Don’t front ya’ll, Jesus has saved many marriages, I’ve SEEN it happen. Because when a person can focus on the sacrifice and love of the Christ, it makes the Christian spouse more eager to forgive their alcoholic wife or their verbally/physically abusive husband. It’s tight ya’ll, it’s some REAL life issues people are dealing with and you’re going to have to lean on SOMEthing to make it through this world. You can’t do it alone mane. I mean, you can DO it, but you ain’t go be DOING it..ya feel me?



Welcome to all the new visitors to servinemup.com. What you see here is another Southside brother working the block and paying his dues. I’m in the process of writing and self-publishing my first book and servinemup.com is my chance to work on my game. I’m so glad you came to support and check out what D.E. Washington is talking about. If you like what you read, pass on the link to someone you know.



When I crawl through the web I can see browsers turning,

I hear voices saying, ‘That’s D. servin’

Jesus died for me, and forgave me for my sins,

You know what? It feels good my friend.




That’s how a Southside Christian writer ‘jacks’ an EPMD lyric "You're a Customer", screws it up and makes it bang off the paper. Don’t trip, it ain’t flossin if ya got it. Ops! Holeup! Here goes the extended 'It Takes Two' re-mix.....


So the question then comes up, when is it time to get OUT of a marriage??



He/She got a baby on the way for/by some other woman/dude!! Uhh..well, yeah, the Bible says you can divorce an adulterous spouse..but you don’t HAVE to.
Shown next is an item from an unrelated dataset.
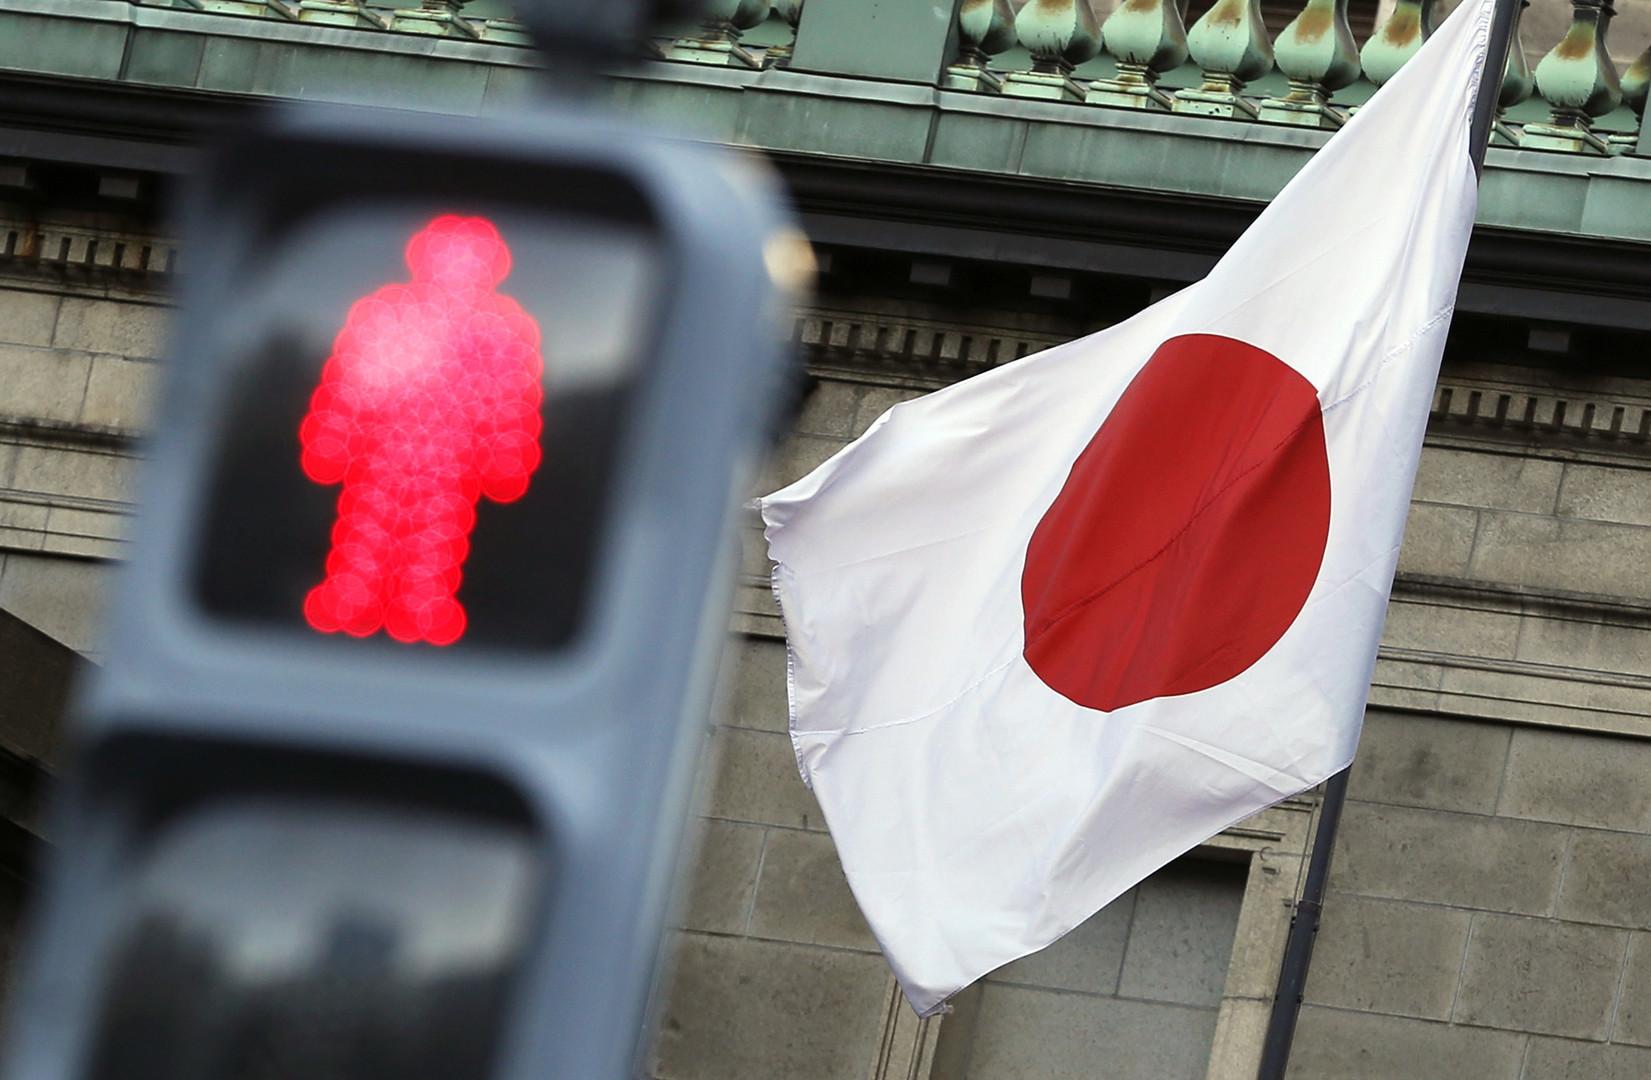 «Новый подход» Японии к отношениям с Россией: чего ожидать от встречи Путина и Абэ
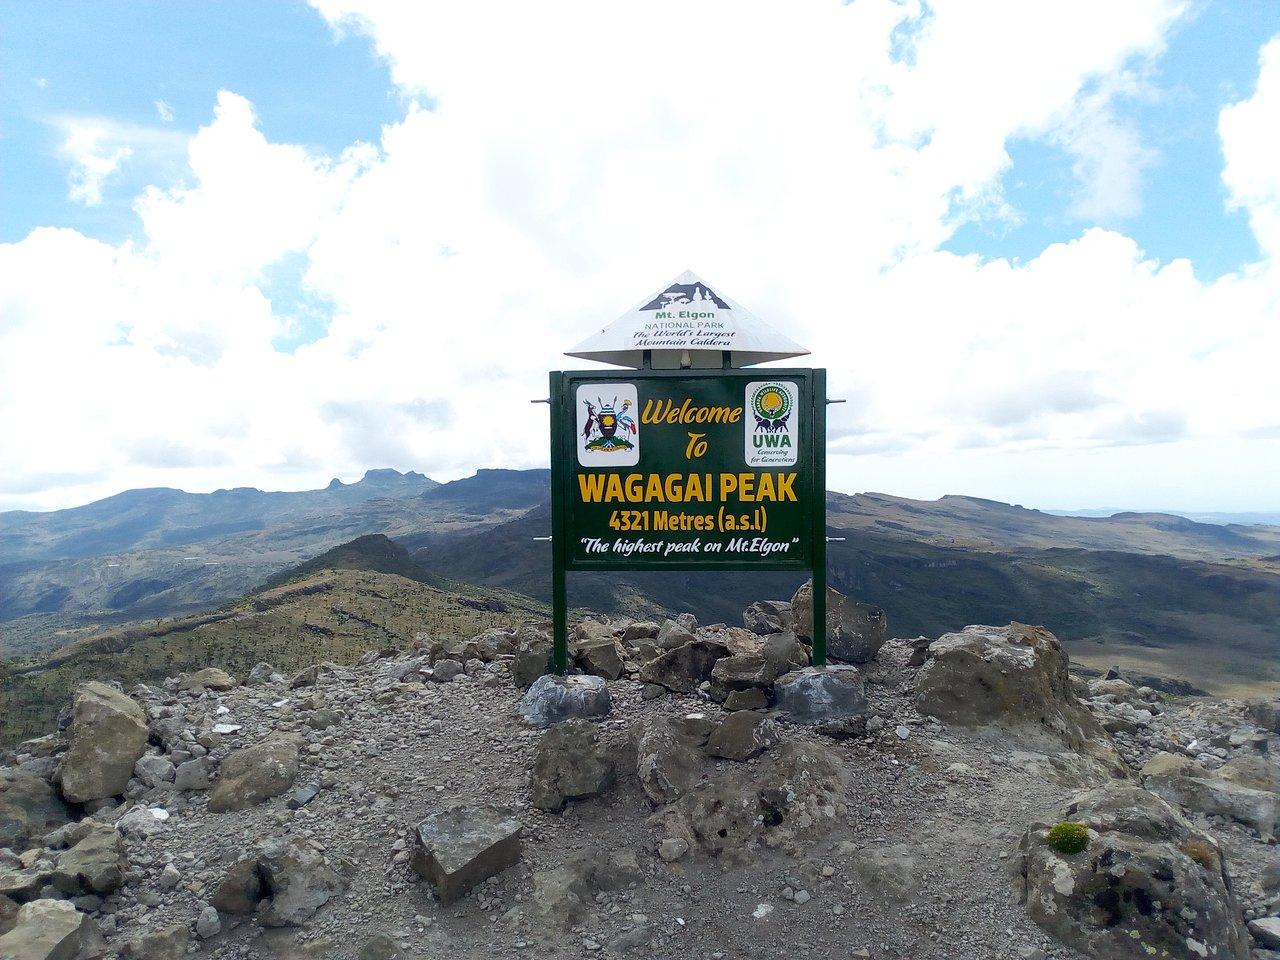 Wagagai Peak - Mount Elgon N.P

If you believe in true repentance and forgiveness, you can chalk it up to the game and move on. But when you consider the added issue of health and various STD’s circulating around, cheating spouses are a step closer to criminal minded folks. Because those who put their spouses ‘out there’ in 2004? That’s very foul mane, fo-real. It’s crucial now mane, to the order of life or death. Protect your house mane..from criminals and STD's.

He/She hit me!! I have a personal way of looking at domestic violence. I find it rather repulsive, but very real. I guess since I didn’t grow up in a household of domestic violence, but I did catch glimpses of it peripherally, I always knew it was something I never wanted to have in my house. Because when two people who live with each other and have professed to love each other before God and man, get to the point where they are abusive (verbally and physically) towards each other, I think that’s a time for both parties to step back and really assess what you’re trying to accomplish in this relationship. When your life is shrouded by the fear, pain and anger that are born out of domestic violence…that’s not enjoying life.

The best thing I can tell ya, is to follow the hook that Rob Base and DJ EZ Rock sampled from Lyn Collins' song, Think (About it); ”It takes two to make a thing go right.” You can’t make a grown person do shit, so unless you get together and work it out, it’s not gonna happen. Christians have a Savior to lean on and guide them through the valleys of loneliness and despair..what about you?